I had a contractor build a shed dormer on the back of our house this summer. The plumber then came in and ran some PEX for the dormer. I started prepping to install a floating laminate floor and noticed a draft near where the PEX comes up through the floor.

I took the plywood hatch out and discovered that there is a foot overhang and I'm not sure there is enough insulation in the bay to protect the PEX. 

Please see the pictures below for what I'm talking about (sorry - all but one picture is upside down for some reason and I can't figure out how to rotate them on this forum)

*What is the best way/type of insulation to use to protect the PEX from freezing, keep pests out, etc.?*


Hatch opened up with insulation installed by contractor - PICTURE IS UPSIDE DOWN!









Soffit removed (the really bright part is daylight from outside) - PICTURE IS UPSIDE DOWN!









Extent of dormer - where the ladder is where the PEX is








View of existing insulation view from the outside - PICTURE IS UPSIDE DOWN!









Really narrow bay that the PEX also goes through - PICTURE IS UPSIDE DOWN!


----------



## mikegp (Jul 17, 2011)

It looks like that won't be sealed from air so the pex is going to most likely freeze. It's hard to tell from the pics. I'm not sure what that last pic is, but are you saying the pex will be an inch from the exterior?


----------



## mikegp (Jul 17, 2011)

Looking at it again(hard with these upside pics) I'd suggest lots of spray foam.


----------



## taylorjm (Apr 11, 2013)

Where are you located?


----------



## ohonetacoma (Sep 17, 2014)

I'm located in northern VT.

I apologize again for the picture issues. I've put them on Dropbox so please take a look at them there.


----------



## ohonetacoma (Sep 17, 2014)

https://www.dropbox.com/s/z1shcjjmx9ox324/0.JPG?dl=0

https://www.dropbox.com/s/7ezhiysqp78lc8w/1.JPG?dl=0

https://www.dropbox.com/s/wk9hmked8bpr7bg/2.JPG?dl=0

https://www.dropbox.com/s/9ga3el3oe29qzl7/3.JPG?dl=0

https://www.dropbox.com/s/m8hcrdtp72bo7s3/4.JPG?dl=0


----------



## Windows on Wash (Aug 30, 2011)

Northern Vermont isn't exactly a cake walk when it comes to insulation performance.

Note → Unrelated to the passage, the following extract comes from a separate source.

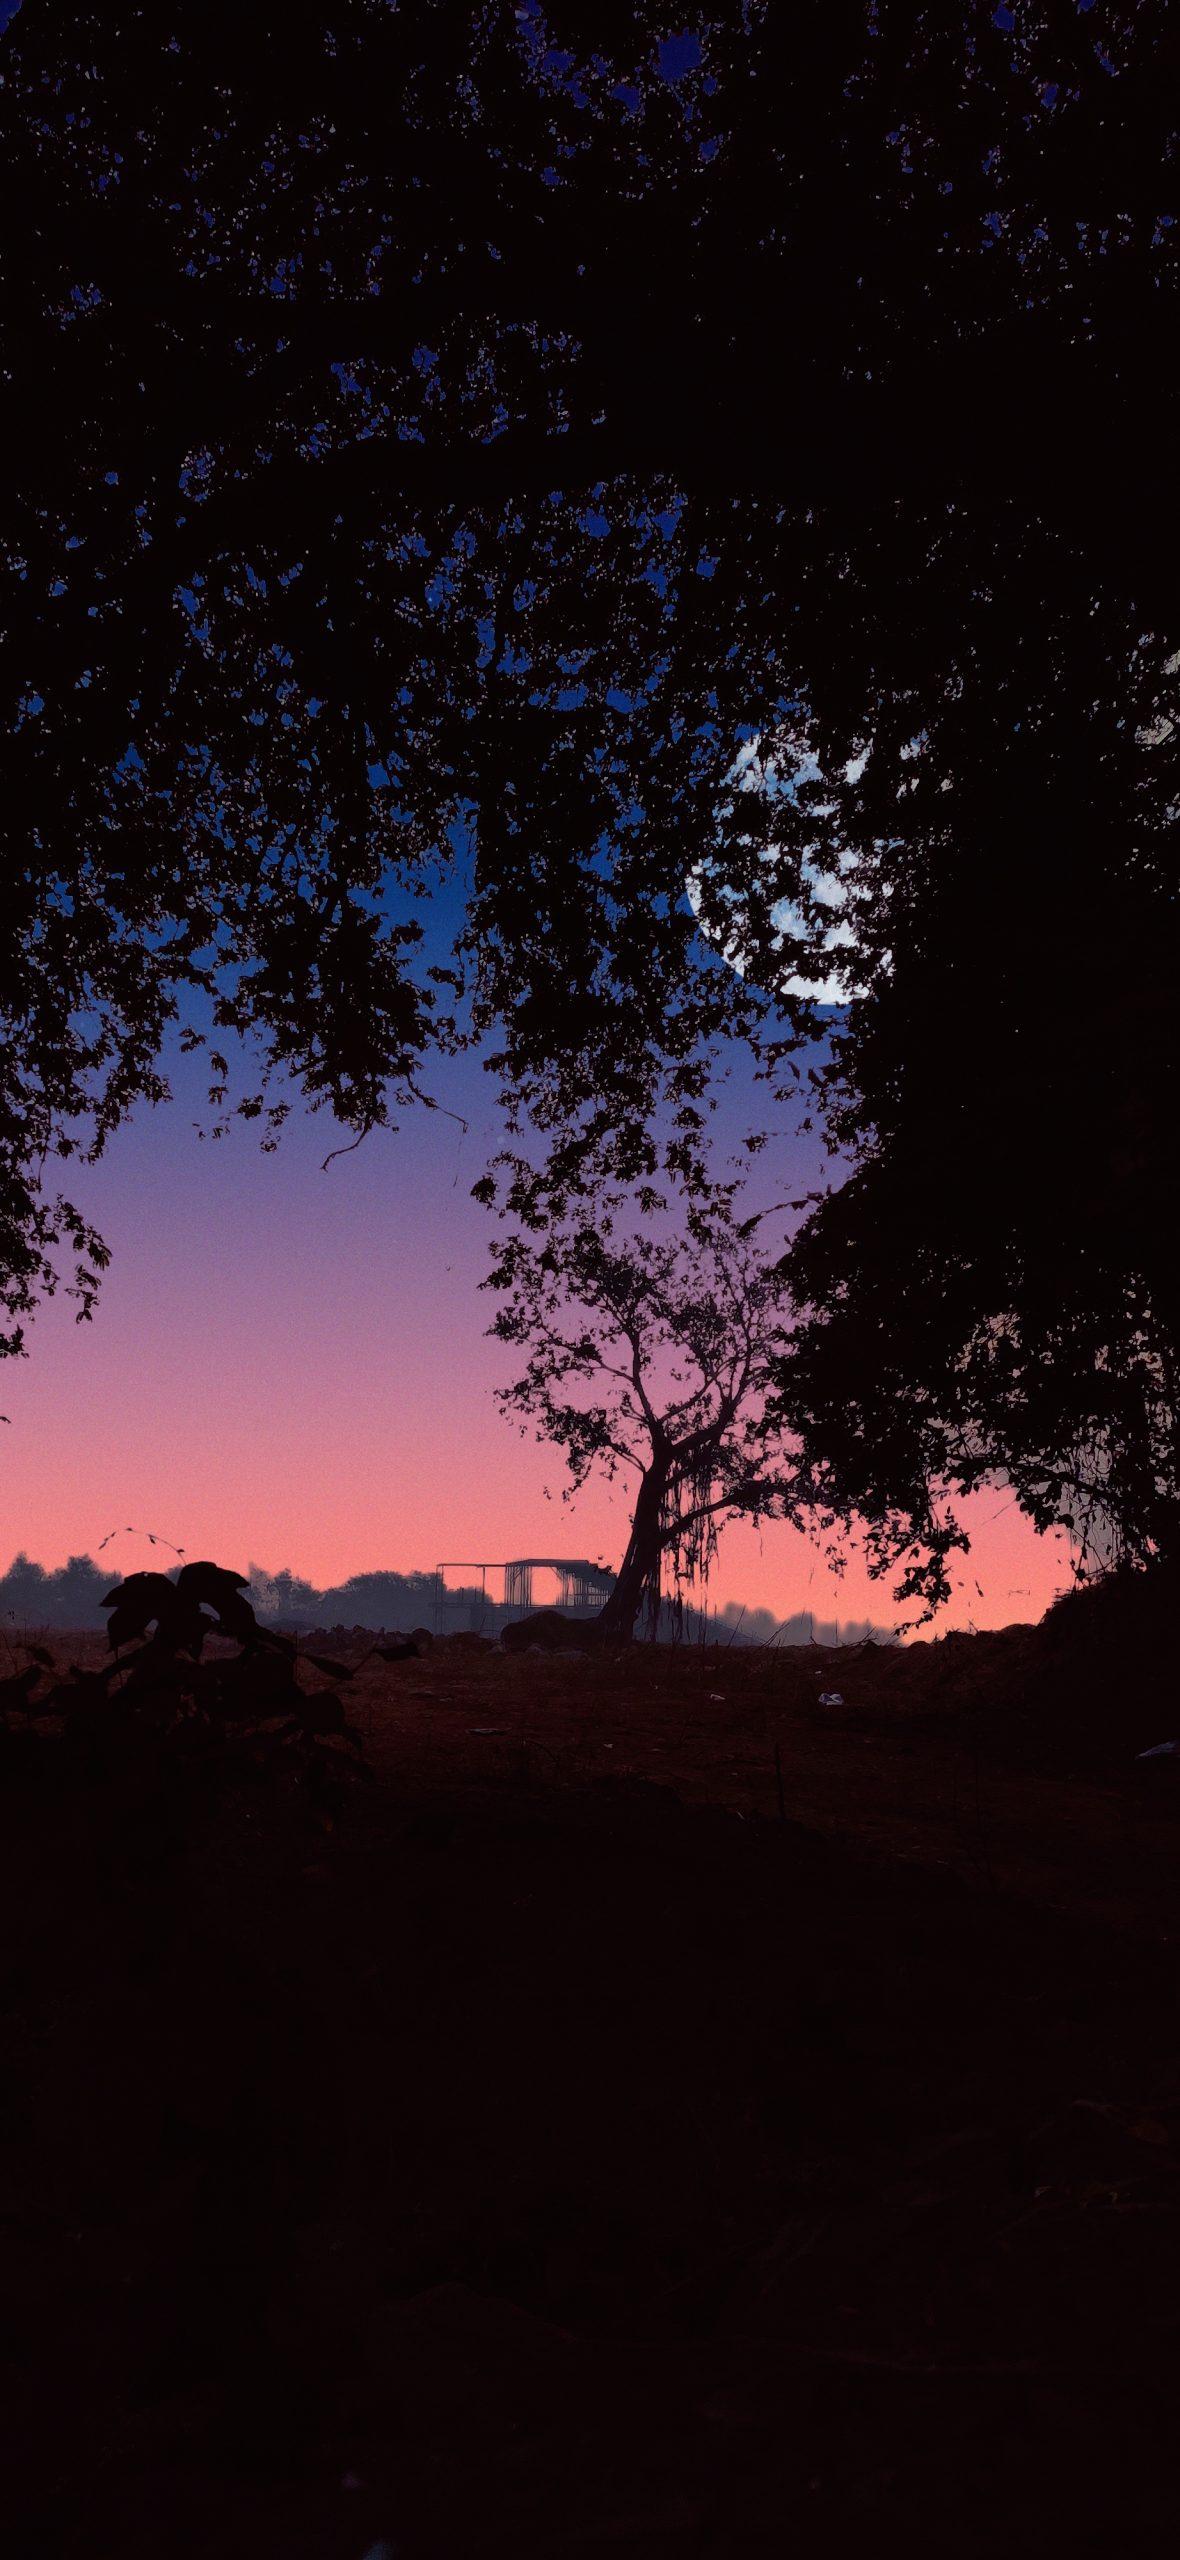 Moon behind the tree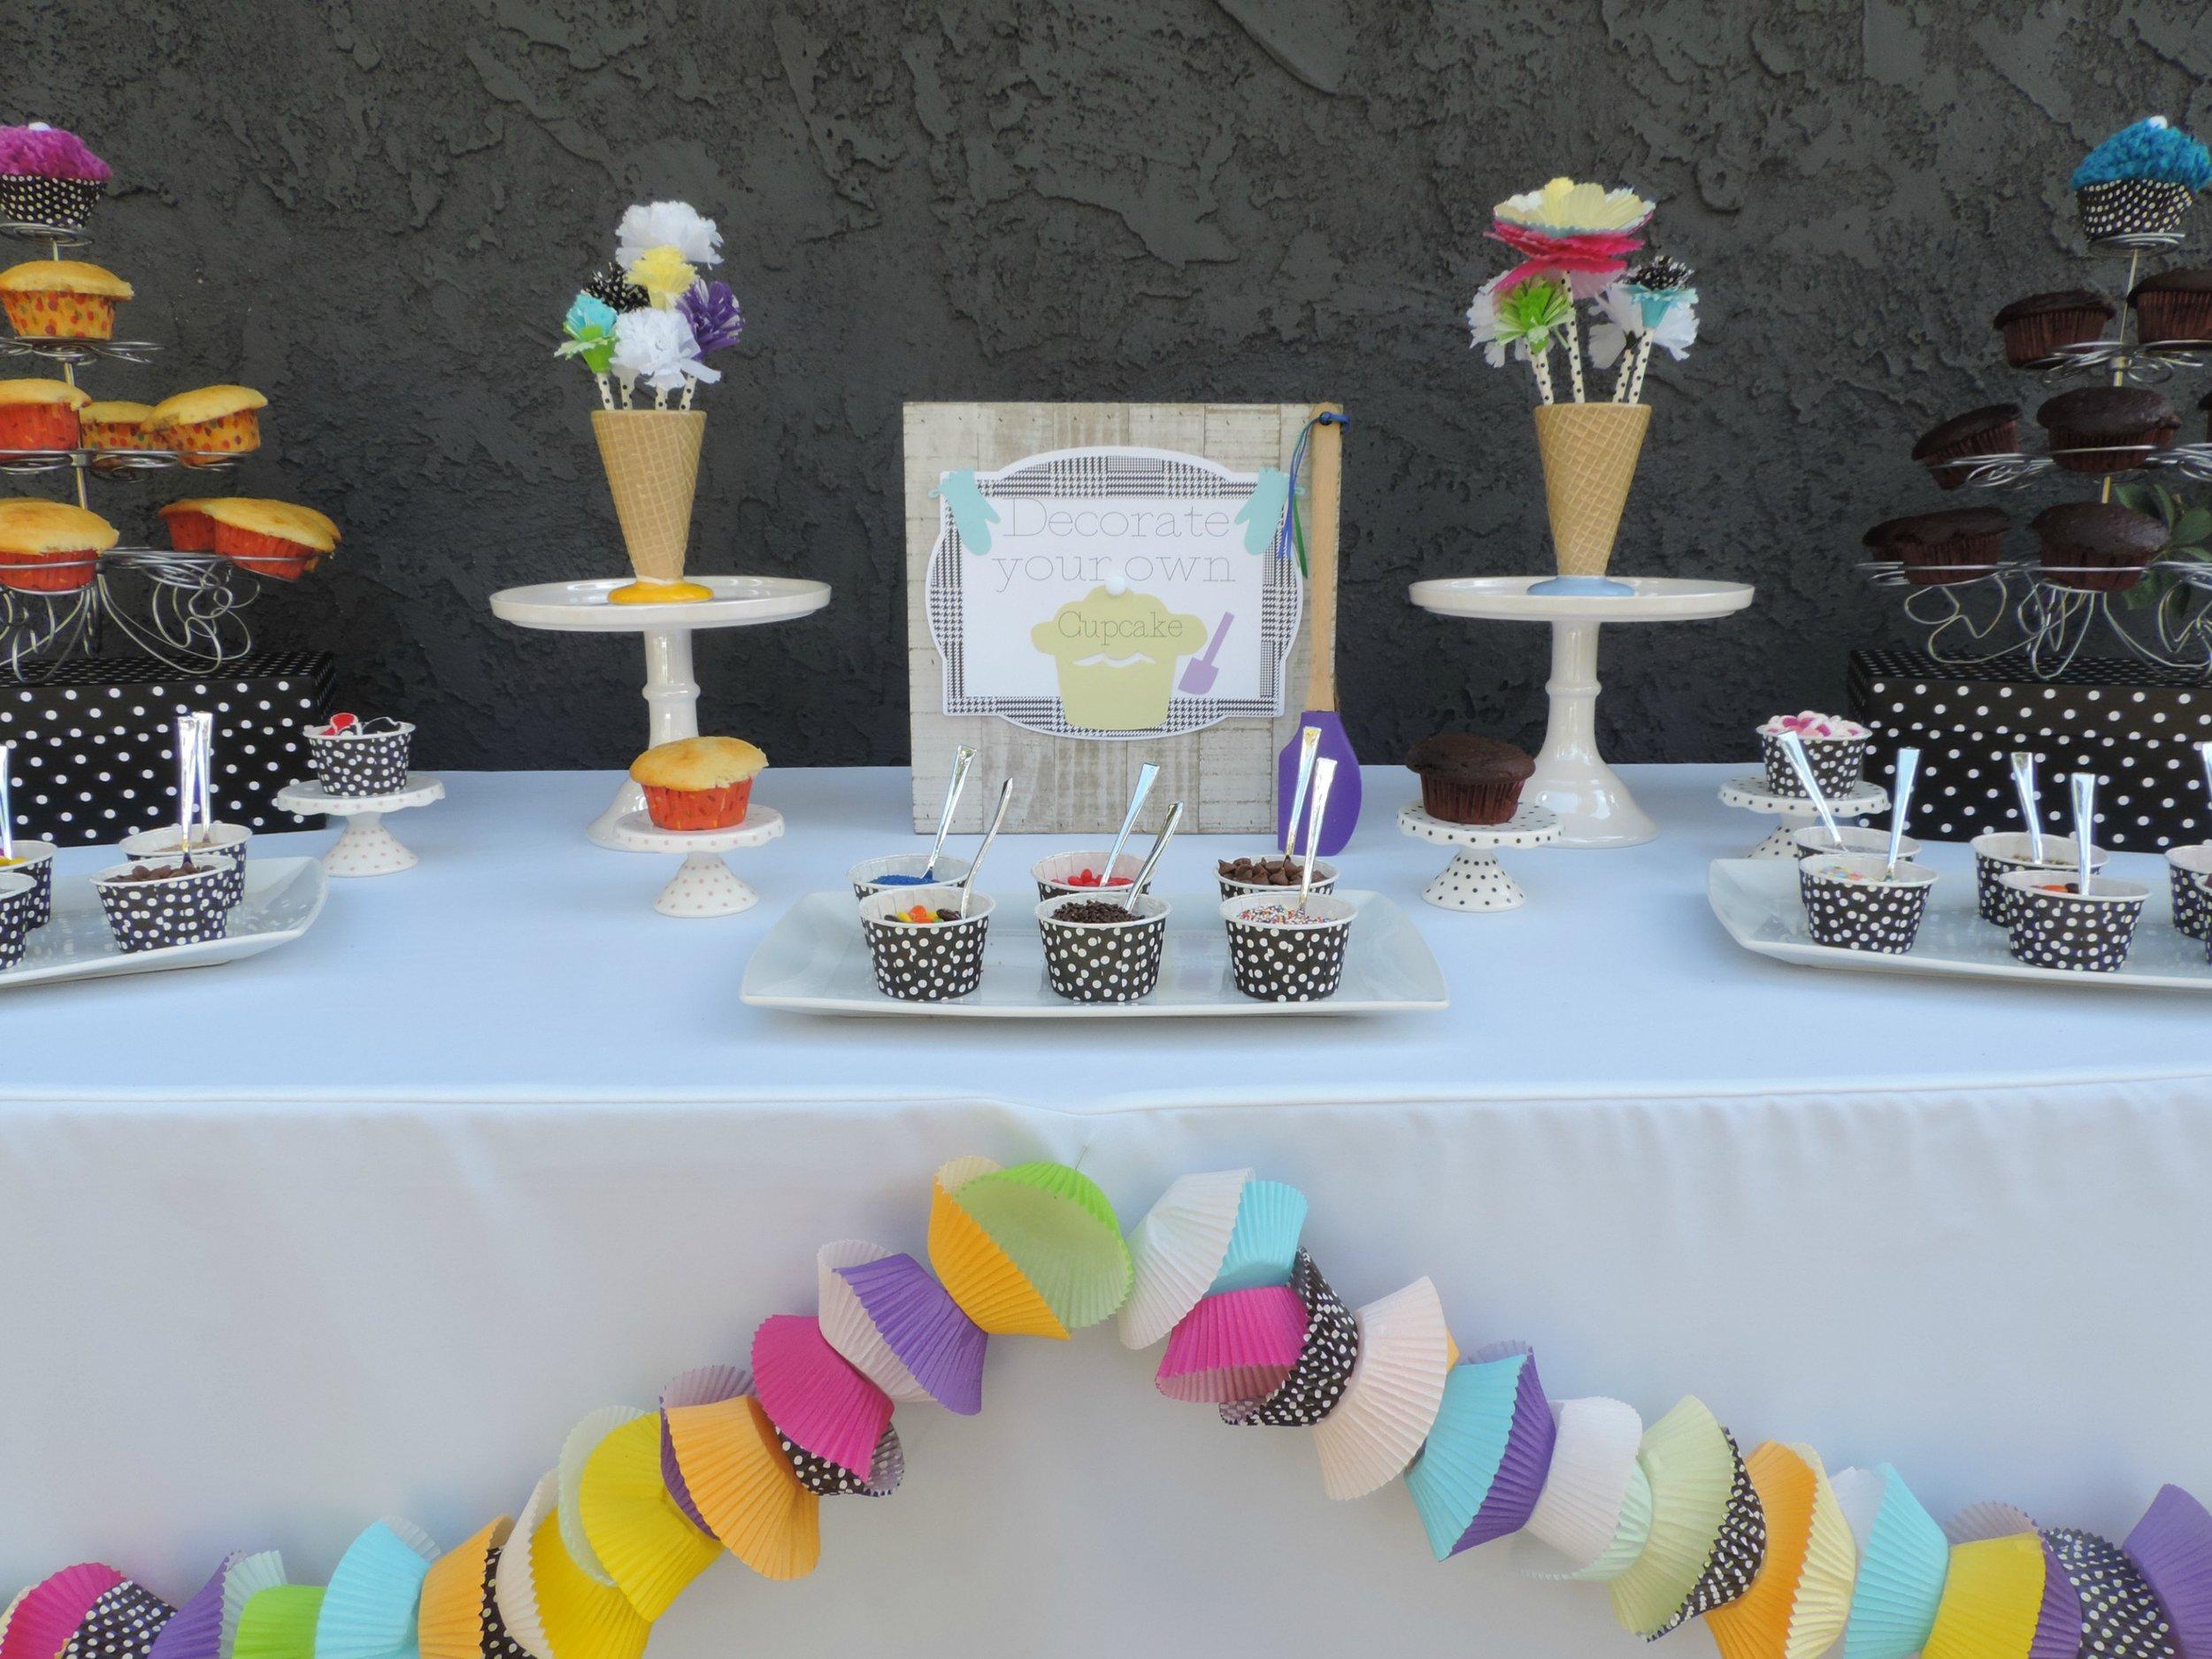 Cupcake wrapper garland-cupcake wars birthday-cupcake decorating party-cupcake party-cupcake party decor-cupcake decorating party ideas-www.SugarPartiesLA.com.jpg

You really need to clad that entire bump out with foam and air seal all the gaps. 

Putting foam in between the joists will help but the joists will still be cold stops and possible foster condensation. 

If you can't because of the alignment of the siding, you need to make due with what you have but you must, must, must get that envelope (i.e. air barrier) sealed up and insulated. 

If you don't, those pipes will likely freeze and you are blowing energy out the home as fast as you can pay for it.


----------